Methodological approach

The methodology of the study is inspired by Achlioptas et al. (Reference Achlioptas, Diamanti, Mitliagkas and Guibas2018). First, the data is pre-processed to feed the network, as explained in the Data preprocessing techniques Section. The data is fed to an encoder–decoder for learning the underlying structure of input samples. Then, a GAN is used to generate new samples from the learned structure. The encoder-decoder and the GAN models are explained in Learning design patterns: the encoder–decoder model section and Sample generation: employing GAN section, respectively. All implementations are done with the PyTorch framework on an Nvidia RTX 2070 GPU and are imported into the Unity Engine. The methodology of the study is demonstrated in Figure 5. The system architecture is visualized in Figure 6.

Figure 5. Methodology.

Figure 6. System architecture.

Data preprocessing techniques

The selected building is modeled in 3-D format. After partitioning the building model as explained in Data collection and analysis section, there are 250, 500, and 1,000 parts in 3-D mesh format for different experiments. The 3-D parts are converted to 3-D point clouds using uniform point sampling. Uniform point sampling is basically selecting a certain number of points to represent a surface. There must be at least 3 points to represent a triangle surface, and more points can be located using linear interpolation on the surface. Considering the mesh faces have different surface areas, to represent each surface uniformly, the resolution (point density) is set for each surface to its proportional area. All 3-D point cloud samples in the dataset are set to have 1,024, 2,048, 4,096, or 8,192 points for different experiments. After the conversion, all samples are positioned at the center of the coordinates and scaled into the unit cube. The dataset is randomly divided into train, validation, and test subsets with 80%, 10%, and 10% ratios, respectively.

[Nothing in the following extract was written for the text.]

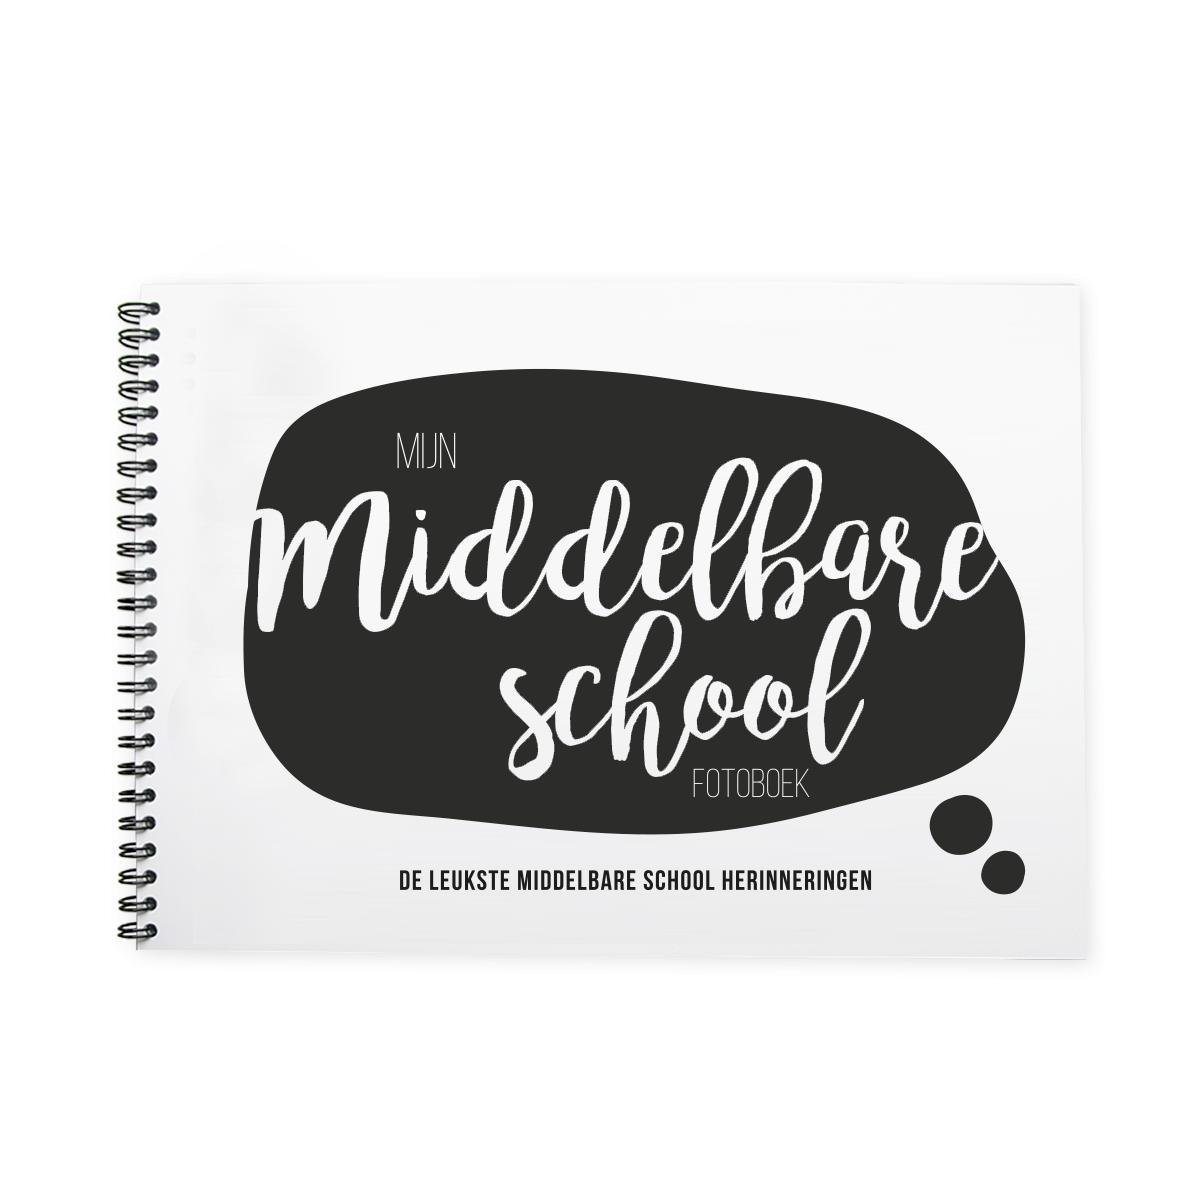 Opnieuw schieten beu Verraad Middelbare schoolfotoboek - Middelbare school - invulboek - zwart/wit -  ringband -... | bol.com

Learning design patterns: the encoder-decoder model

Our first aim was to learn the underlying structure of the design system from the dataset. An encoder–decoder model (Achlioptas et al., Reference Achlioptas, Diamanti, Mitliagkas and Guibas2018) (Figure 7) is employed to encode the real data and form a latent space that represents the design context. This latent space consists of learned features and similarities of the dataset. Since the dataset is formed from a single building, we expect the model to learn the similarities from the parts of the building.

Figure 7. The AutoEncoder model.

The encoder model (Öngün and Temizel, Reference Öngün and Temizel2021) is inspired by PointNet (Qi et al., Reference Qi, Su, Mo and Guibas2017). It is a 3-layer 1-D convolutional network with feature sizes (3, 64, and 128). It extracts the features for each point having three dimensions for the x, y, and z-axis. Then a maxpooling is applied as explained in Qi et al. (Reference Qi, Su, Mo and Guibas2017) to extract the global feature (code) that represents the point cloud model. The input and feature transform subnetworks are omitted since the input data is already aligned and scaled. All extracted global features form a latent space that represents the underlying style and similarities of the dataset.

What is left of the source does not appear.